By:
Dr. Jeff Masters,
1:39 PM GMT on July 06, 2006
An area of disturbed weather over South Florida, the Bahama Islands, and Cuba is associated with a broad trough of surface low pressure and an upper-level low pressure system.
Wind shear is down to 5-15 knots, which is marginally favorable for development. Water temperatures are very favorable, 28 - 29 C. The center of the upper low has drifted to a position at the extreme southwestern corner of Florida. There are a few impressive thunderstorms kicking up near the center of circulation, but this activity is of pretty limited coverage, and development into a tropical depression is unlikely today. Winds at the surface do show a U-shaped pattern (a trough) curving around an axis of low pressure in the region, but there is no closed circulation at the surface. There is only a closed circulation in the upper atmosphere.
Development is being hindered by the system's close proximity to land, and it will do better if it can move away from the coast.
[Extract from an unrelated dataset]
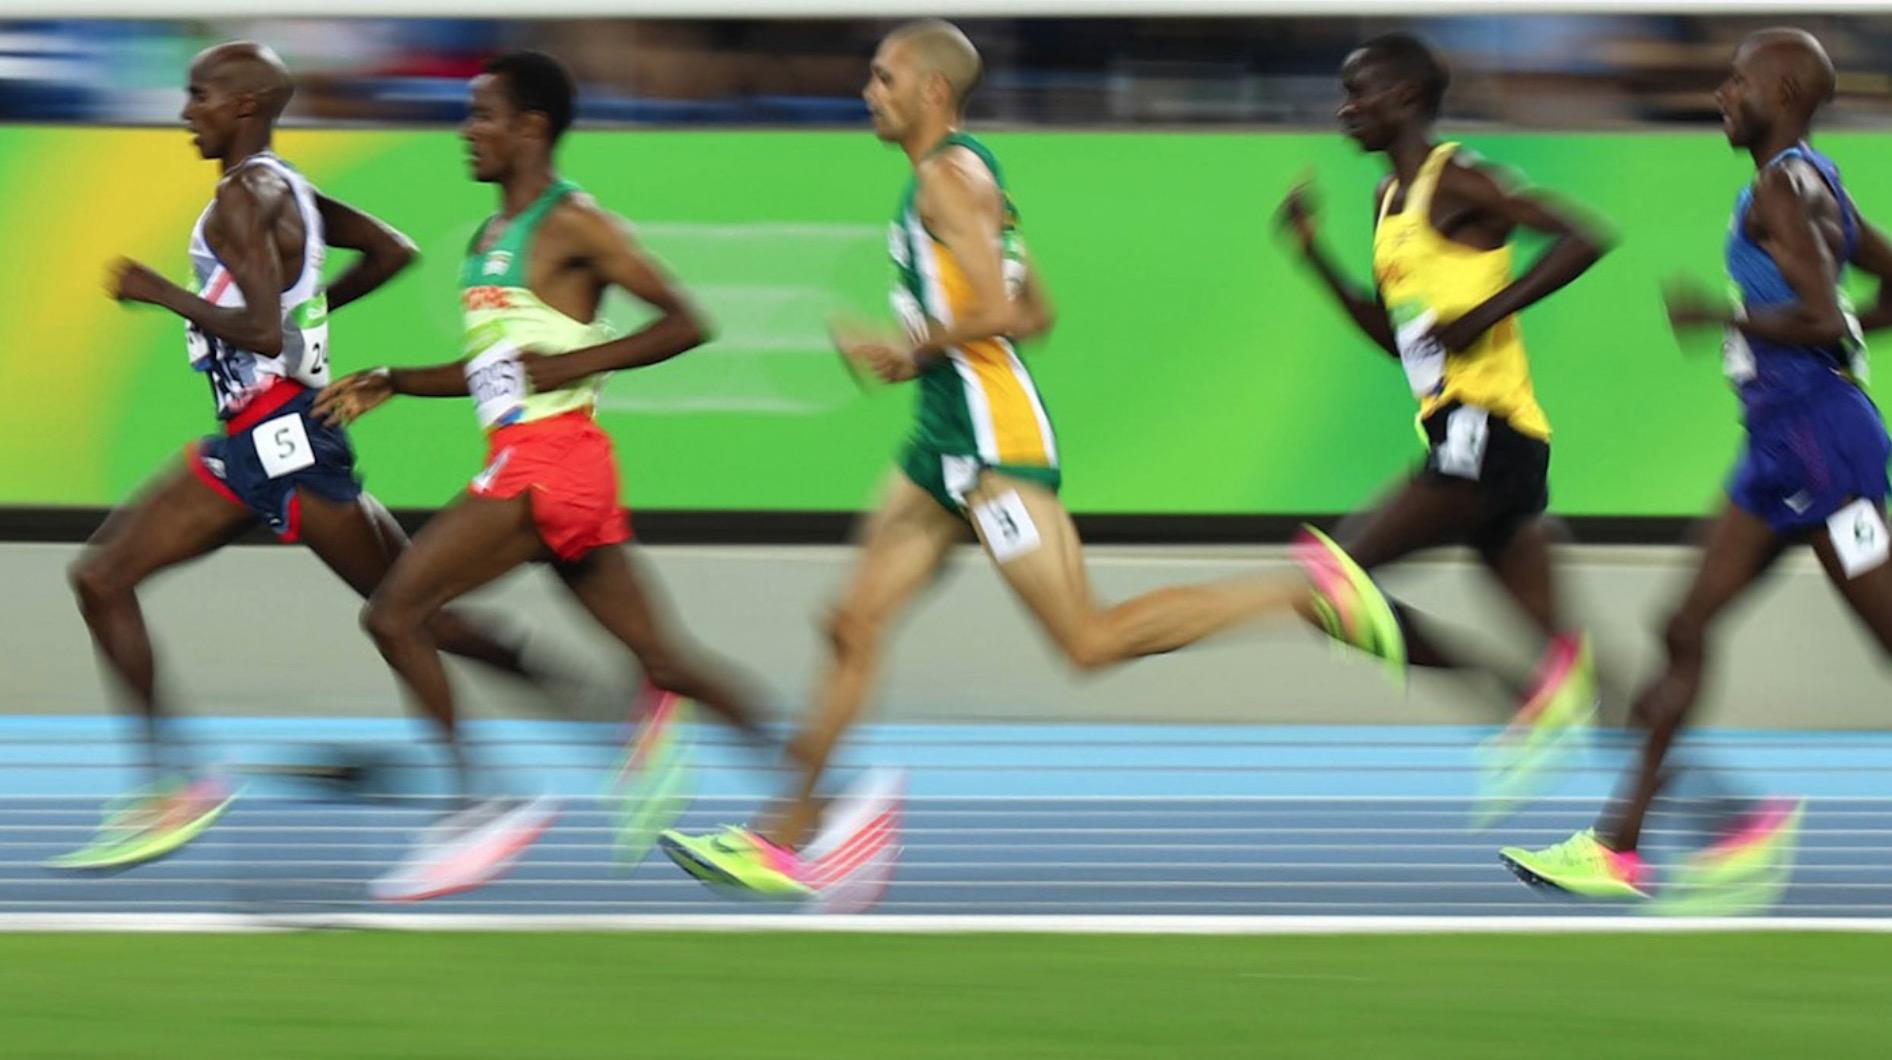 盈方获未来两届奥运会在非洲独家媒体权益

The NOGAPS model is suggesting that the low may move more into the Gulf of Mexico and show some slow development, but the rest of the models disagree. They indicate that the current low will not develop at all, but that a new low associated with the same surface trough of low pressure will develop on Saturday south of the Carolinas. This system would then get swept up the coast this weekend, possibly bringing strong winds to Cape Hatteras. The storm would continue moving up the coast, passing several hundred miles east of Cape Cod on Sunday night.
Figure 1. Current satellite image of the blob of disturbed weather over South Florida.
The rest of the tropical Atlantic is quiet today. A large area of African dust covers the entire Atlantic between Africa and the eastern Caribbean, and will act to suppress tropical storm formation in those regions over the next few days.